A "uberização" do trabalho na era tecnológica: precarização ou liberdade?

Enviada em 17/04/2021

Segundo a historiografia, nota-se que as relações de trabalho vistas atualmente nasceram na humanidade como uma necessidade vital, uma vez que nas primeiras civilizações servos trabalhavam excessivamente na Produção Hidráulica para sustentarem a terra do rei e, em troca, garantiam um espaço naquela região. Felizmente, o passado vai influenciar o presente positivamente, pois o trabalho apresentou uma evolução através da modernidade líquida e, portanto, direitos trabalhistas foram garantidos ao proletariado, diminuindo a exploração.
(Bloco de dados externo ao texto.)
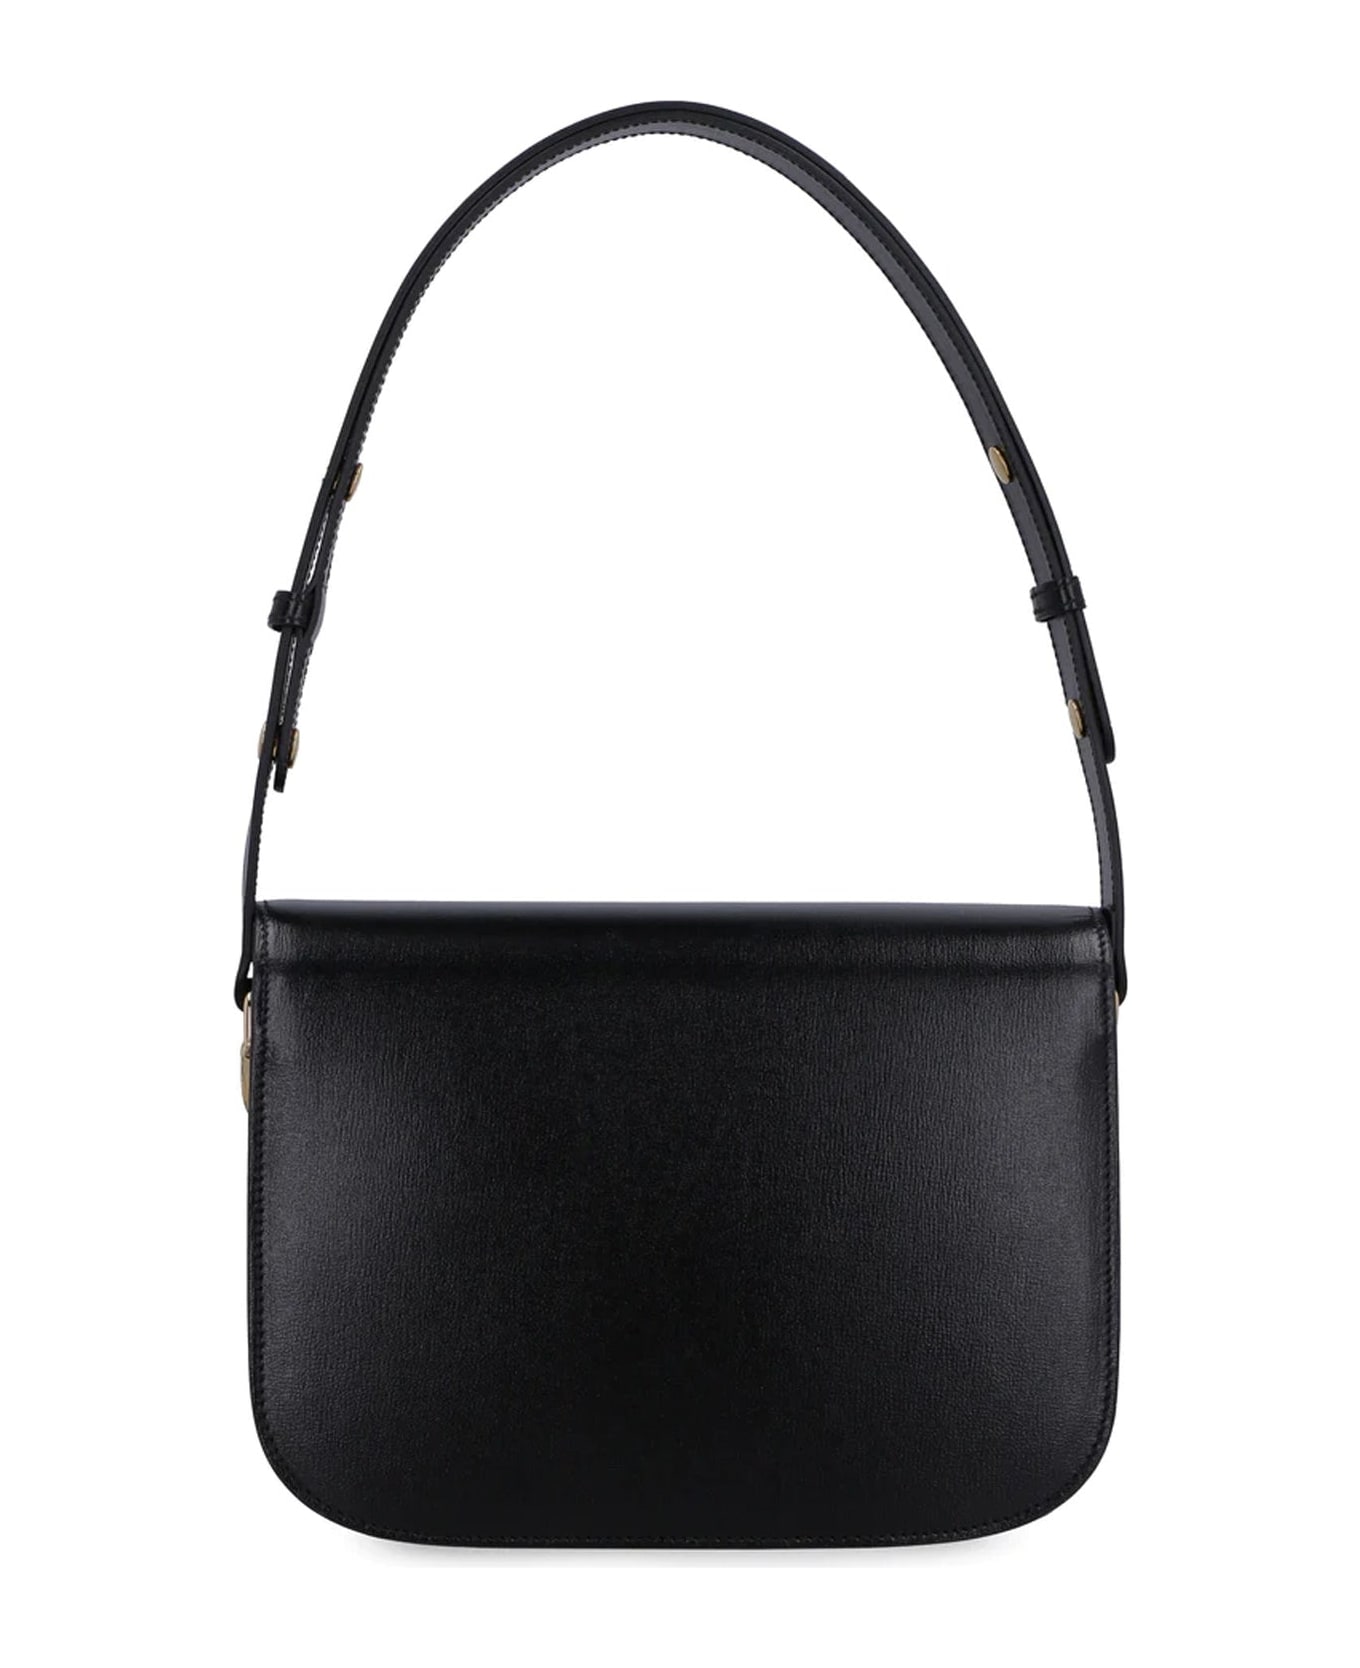 Gucci Horsebit 1955 Shoulder Bag - Black ショルダーバッグ

Entretanto, esse progresso no âmbito profissional, vai gerar também uma relação de trabalho um tanto quanto problemática, chamada uberização, que tem a vantagem de apresentar um trabalho flexível, mas carrega consigo a ausência de direitos trabalhistas, estes que estão presentes nas relações tradicionais de empregador e empregado.

Certamente, a uberização apresenta a vantagem de diminuição de desempregos, visto que as pessoas que optam por essa alternativa tornam-se empregadas e empresárias ao mesmo tempo. Mas a desvantagem que se sobressai sobre esse tipo de trabalho é a precarização que esses indivíduos estão sujeitos, tais como a ausência de um salário fixo devido à instabilidade da demanda, portanto, em certos meses essas pessoas podem faturar e em outros não ganham quase nada.

Paralelo a isso, percebemos que esse tipo de relação não é formalizada, isto é, o trabalhador utiliza-se de um aplicativo como meio de acesso ao cliente, sem nenhuma constituição mediadora, resultando, portanto, na ausência de benefícios associados às garantias trabalhistas da CLT (Consolidação das Leis do Trabalho). De acordo com o IBGE (Instituto Brasileiro de Geografia e Estatística), quatro milhões de pessoas formam a categoria que trabalha para empresas de aplicativos de serviços no Brasil, no entanto, não mantêm nenhum vínculo trabalhista.

De acordo com os fatos apresentados, percebemos que a uberização na população brasileira agrega mais desvantagens que benefícios, como a falta de direitos trabalhistas ou até agregação de transtornos psicológicos devido ao trabalho em excesso. Portanto, se faz necessária a intervenção do Ministério do Trabalho nos aplicativos para a elaboração de direitos aos indivíduos, tais como a adição de limites para a jornada de trabalho. Caso isso não for possível, a relação tradicional entre o empregador e o empregado deve ganhar uma atenção prioritária e cautelosa, para que todos sejam incluídos nesse mercado e tenham a devida proteção através de uma carteira assinada. Sendo assim, a preocupação em relação aos prejuízos da uberização poderá diminuir.